Мама, как Ваши ноги? Исполняете ли Вы советы Кузьмина, который взял с Вас пять рублей? А как поживает тетя с Алешей? Напишите им поклон.
Было бы желательно повидаться с проф. Тимофеевым и выпить с ним за здоровье Натальи Михайловны, но увы! Я в Сибири, он у колбасников… Жив ли Шаповалов? А мой друг Коптев, сей сумской сукин сын? Не пошатнулись ли дела в шоколатной фабрике Артеменко? Если графиня Лида на Луке, то ей поклон.
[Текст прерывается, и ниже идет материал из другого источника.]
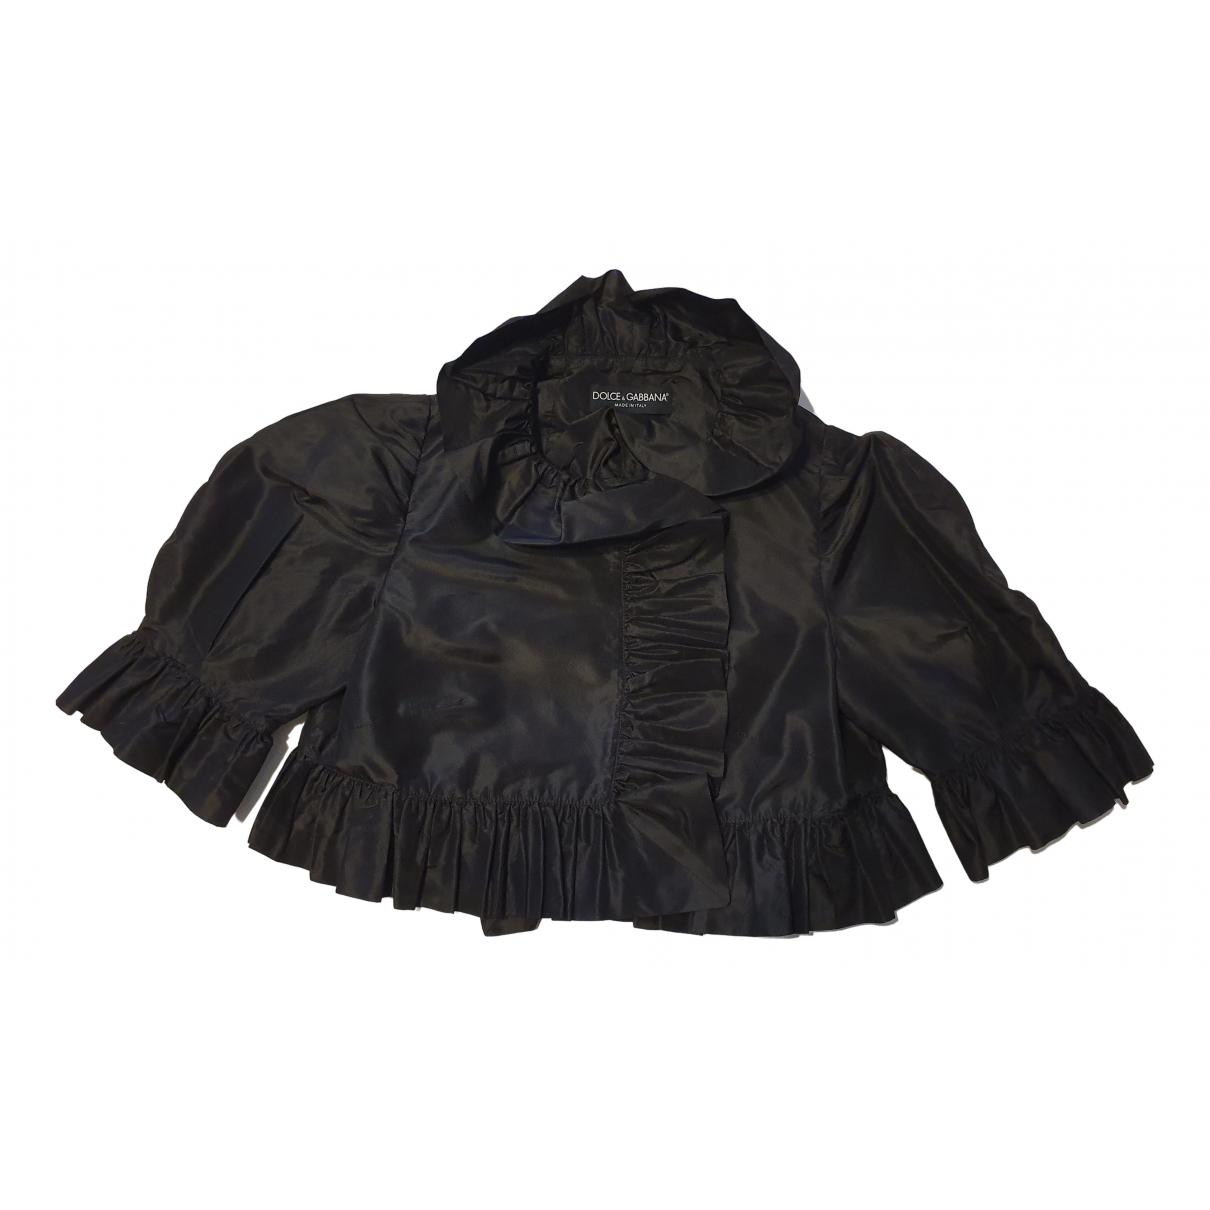 Dolce & Gabbana \N Jacke in  Schwarz Seide

По Сибирскому тракту есть свои Боромли. Попадаются станции в 30–35 верст. Едешь ночью, едешь, едешь… балдеешь, чумеешь и всё едешь, а рискнешь спросить ямщика, сколько верст осталось до станции, он непременно скажет не меньше 17. Это особенно мучительно, когда приходится ехать шагом по грязной ухабистой дороге и когда хочется пить. Я научился не спать; совершенно бываю равнодушен, когда меня будят. Обыкновенно не спишь день, ночь, потом к обеду другого дня начинаешь чувствовать напряжение в веках, вечером и ночью, особенно перед рассветом и утром третьего дня, дремлешь в повозке и, случается, уснешь, сидя, на минутку; в обед и после обеда на каждой станции, пока запрягают лошадей, валяешься на диванах, и только вечером начинается инквизиция. Вечером, после того как выпьешь стаканов пять чаю, начинает гореть лицо и всё тело вдруг изнемогает и хочет гнуться назад; глаза слипаются, ноги в больших сапогах зудят, в мозгу путаница… Если позволишь себе остаться ночевать, то тотчас же засыпаешь, как убитый; если же хватает воли ехать дальше, то засыпаешь в повозке, как бы сильна ни была тряска; на станциях ямщики будят, так как нужно вылезать из повозки и платить прогоны; будят они не столько голосом и дерганьем за рукава, сколько чесночною вонью, исходящею из их уст; воняет от них луком и чесноком до тошноты. Я научился спать в повозке только после Красноярска. До Иркутска я однажды проспал 58 верст, причем был только раз разбужен. Но спанье в повозке не укрепляет. Это не сон, а какое-то бессознательное состояние, после которого и в голове мутно и во рту скверно.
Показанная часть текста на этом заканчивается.